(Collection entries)
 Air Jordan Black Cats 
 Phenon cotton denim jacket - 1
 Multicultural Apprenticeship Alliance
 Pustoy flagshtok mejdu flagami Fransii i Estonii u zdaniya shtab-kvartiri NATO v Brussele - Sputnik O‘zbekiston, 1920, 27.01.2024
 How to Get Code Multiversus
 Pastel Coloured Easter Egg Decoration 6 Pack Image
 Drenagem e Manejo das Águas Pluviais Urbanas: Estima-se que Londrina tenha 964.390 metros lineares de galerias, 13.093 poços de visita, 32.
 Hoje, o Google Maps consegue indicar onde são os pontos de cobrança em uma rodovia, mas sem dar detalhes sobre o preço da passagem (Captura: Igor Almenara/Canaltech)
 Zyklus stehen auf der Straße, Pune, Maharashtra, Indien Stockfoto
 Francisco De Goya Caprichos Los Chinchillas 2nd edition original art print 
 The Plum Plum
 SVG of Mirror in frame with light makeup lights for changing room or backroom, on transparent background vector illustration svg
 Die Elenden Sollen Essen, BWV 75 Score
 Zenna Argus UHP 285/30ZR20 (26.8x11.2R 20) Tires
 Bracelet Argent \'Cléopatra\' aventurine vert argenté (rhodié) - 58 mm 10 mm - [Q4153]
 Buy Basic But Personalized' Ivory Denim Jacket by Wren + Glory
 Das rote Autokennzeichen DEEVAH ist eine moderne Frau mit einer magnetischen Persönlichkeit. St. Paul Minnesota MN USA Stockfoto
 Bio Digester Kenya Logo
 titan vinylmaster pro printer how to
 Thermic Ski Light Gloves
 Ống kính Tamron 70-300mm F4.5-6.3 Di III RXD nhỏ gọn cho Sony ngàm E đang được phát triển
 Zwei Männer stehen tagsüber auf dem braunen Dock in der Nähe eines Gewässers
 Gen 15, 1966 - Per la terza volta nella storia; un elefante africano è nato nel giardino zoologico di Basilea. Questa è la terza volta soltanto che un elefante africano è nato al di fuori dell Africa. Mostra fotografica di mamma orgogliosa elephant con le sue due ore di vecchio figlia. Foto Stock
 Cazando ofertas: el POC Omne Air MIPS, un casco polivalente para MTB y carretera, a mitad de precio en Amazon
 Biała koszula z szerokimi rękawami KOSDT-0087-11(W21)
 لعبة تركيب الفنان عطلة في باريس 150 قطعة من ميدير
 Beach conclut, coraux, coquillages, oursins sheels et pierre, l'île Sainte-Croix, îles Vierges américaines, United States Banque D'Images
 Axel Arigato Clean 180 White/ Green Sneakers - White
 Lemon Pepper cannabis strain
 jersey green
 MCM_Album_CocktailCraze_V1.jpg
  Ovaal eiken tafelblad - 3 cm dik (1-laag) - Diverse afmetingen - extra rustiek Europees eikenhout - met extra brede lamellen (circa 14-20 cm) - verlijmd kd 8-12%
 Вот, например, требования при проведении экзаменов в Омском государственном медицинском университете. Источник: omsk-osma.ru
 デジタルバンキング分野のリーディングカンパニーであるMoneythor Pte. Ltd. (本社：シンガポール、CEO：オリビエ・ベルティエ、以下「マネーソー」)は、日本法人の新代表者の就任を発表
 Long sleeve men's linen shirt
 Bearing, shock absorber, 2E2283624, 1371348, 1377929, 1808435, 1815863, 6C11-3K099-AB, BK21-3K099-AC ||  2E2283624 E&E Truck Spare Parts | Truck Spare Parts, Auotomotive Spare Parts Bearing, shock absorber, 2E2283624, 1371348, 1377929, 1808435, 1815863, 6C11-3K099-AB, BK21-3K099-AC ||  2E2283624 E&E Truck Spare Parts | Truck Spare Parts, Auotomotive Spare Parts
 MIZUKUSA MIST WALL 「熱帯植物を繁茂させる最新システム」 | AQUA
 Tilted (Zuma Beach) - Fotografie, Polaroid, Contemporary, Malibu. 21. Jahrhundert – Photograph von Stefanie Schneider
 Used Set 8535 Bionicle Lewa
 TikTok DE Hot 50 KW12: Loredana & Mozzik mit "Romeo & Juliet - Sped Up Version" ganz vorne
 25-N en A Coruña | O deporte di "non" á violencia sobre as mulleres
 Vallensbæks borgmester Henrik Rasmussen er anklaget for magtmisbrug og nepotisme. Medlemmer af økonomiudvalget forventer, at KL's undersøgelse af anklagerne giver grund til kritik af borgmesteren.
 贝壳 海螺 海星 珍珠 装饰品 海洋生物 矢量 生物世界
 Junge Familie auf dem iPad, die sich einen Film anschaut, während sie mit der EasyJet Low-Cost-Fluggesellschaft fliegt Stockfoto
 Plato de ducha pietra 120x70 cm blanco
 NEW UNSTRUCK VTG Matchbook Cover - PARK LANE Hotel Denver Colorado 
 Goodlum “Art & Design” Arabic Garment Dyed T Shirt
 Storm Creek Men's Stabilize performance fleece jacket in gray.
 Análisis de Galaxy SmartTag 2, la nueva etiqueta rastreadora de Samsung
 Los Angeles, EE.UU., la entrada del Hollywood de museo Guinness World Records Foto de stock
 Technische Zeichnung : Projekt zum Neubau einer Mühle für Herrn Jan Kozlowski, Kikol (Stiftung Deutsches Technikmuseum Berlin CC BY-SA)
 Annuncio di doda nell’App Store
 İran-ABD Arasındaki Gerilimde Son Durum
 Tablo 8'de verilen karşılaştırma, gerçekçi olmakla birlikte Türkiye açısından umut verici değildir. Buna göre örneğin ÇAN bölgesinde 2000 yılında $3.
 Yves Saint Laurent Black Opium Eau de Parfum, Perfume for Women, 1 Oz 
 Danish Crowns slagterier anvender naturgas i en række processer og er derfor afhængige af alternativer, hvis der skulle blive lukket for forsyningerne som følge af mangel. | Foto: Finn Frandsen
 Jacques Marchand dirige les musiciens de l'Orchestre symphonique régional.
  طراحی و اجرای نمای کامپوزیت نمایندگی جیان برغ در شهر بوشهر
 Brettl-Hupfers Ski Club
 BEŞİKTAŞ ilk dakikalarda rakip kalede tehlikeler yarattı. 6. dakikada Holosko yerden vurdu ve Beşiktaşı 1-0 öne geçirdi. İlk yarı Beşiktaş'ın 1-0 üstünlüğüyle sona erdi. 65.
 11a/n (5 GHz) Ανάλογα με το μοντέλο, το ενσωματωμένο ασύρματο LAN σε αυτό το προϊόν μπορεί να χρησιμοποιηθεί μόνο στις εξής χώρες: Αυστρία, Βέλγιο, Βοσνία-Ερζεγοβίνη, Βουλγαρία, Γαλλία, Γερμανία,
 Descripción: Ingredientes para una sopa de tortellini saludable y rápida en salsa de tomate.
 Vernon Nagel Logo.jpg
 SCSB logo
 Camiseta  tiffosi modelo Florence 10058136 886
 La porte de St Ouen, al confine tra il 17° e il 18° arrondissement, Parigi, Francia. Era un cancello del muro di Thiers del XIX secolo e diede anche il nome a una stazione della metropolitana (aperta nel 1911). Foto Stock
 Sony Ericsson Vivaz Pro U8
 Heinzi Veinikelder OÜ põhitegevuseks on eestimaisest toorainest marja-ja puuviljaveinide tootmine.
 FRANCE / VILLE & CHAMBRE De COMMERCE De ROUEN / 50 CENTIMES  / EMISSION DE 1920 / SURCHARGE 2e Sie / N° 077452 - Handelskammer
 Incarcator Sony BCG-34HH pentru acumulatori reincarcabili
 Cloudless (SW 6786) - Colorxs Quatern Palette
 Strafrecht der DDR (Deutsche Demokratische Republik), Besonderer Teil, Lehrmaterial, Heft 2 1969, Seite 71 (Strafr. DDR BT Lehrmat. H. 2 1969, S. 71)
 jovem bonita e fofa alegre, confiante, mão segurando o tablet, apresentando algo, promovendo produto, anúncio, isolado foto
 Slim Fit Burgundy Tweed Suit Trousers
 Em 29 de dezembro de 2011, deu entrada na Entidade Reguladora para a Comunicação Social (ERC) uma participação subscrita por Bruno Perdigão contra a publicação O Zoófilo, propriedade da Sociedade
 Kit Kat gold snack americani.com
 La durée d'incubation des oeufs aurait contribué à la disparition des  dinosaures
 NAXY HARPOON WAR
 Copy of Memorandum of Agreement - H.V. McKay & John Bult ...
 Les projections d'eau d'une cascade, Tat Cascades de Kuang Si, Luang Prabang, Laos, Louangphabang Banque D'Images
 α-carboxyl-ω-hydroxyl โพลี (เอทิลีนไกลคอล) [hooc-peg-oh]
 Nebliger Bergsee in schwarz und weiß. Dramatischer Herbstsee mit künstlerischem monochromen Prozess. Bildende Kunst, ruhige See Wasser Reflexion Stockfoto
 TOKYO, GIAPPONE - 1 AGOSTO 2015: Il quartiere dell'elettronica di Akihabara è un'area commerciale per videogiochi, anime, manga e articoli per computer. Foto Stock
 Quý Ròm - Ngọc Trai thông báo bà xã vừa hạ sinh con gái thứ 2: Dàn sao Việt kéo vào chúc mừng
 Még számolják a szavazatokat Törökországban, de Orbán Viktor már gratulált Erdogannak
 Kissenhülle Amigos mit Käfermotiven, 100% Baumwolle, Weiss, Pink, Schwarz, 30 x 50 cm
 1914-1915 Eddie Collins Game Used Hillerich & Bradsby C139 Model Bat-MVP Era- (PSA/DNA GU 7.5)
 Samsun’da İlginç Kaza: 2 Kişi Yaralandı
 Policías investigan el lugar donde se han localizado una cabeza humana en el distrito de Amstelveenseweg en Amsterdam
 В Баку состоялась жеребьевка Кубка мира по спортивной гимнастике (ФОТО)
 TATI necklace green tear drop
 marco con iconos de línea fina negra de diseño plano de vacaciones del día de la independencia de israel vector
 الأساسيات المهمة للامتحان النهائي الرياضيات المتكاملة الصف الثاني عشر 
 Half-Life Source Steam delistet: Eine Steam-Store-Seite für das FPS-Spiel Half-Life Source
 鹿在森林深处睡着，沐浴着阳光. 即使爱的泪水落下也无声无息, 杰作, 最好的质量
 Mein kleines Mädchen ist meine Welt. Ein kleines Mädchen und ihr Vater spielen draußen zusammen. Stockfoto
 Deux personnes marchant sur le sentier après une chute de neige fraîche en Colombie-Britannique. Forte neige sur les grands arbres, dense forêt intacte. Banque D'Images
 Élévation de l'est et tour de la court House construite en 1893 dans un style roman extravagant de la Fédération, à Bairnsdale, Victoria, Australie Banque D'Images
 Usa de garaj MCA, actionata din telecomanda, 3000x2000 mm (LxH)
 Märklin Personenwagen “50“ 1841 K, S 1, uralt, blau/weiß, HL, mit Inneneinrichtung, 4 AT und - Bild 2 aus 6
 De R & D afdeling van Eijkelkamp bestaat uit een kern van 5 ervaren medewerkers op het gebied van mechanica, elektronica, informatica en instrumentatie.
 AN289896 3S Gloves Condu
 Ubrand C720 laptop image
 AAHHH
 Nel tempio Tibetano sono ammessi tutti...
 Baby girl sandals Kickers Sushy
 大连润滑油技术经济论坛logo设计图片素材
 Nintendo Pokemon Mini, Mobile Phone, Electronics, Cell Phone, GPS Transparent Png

▶ [WHAT IS BEING ASKED]:
Please give back, exactly as it stands above, the stretch from the line with "Parts Bearing, shock" through the line with "MIZUKUSA MIST WALL 「熱帯植物を繁茂させる最新システム」 | AQUA", and no line outside it.

▶ [EXERCISE SOLUTION]:
 Bearing, shock absorber, 2E2283624, 1371348, 1377929, 1808435, 1815863, 6C11-3K099-AB, BK21-3K099-AC ||  2E2283624 E&E Truck Spare Parts | Truck Spare Parts, Auotomotive Spare Parts Bearing, shock absorber, 2E2283624, 1371348, 1377929, 1808435, 1815863, 6C11-3K099-AB, BK21-3K099-AC ||  2E2283624 E&E Truck Spare Parts | Truck Spare Parts, Auotomotive Spare Parts
 MIZUKUSA MIST WALL 「熱帯植物を繁茂させる最新システム」 | AQUA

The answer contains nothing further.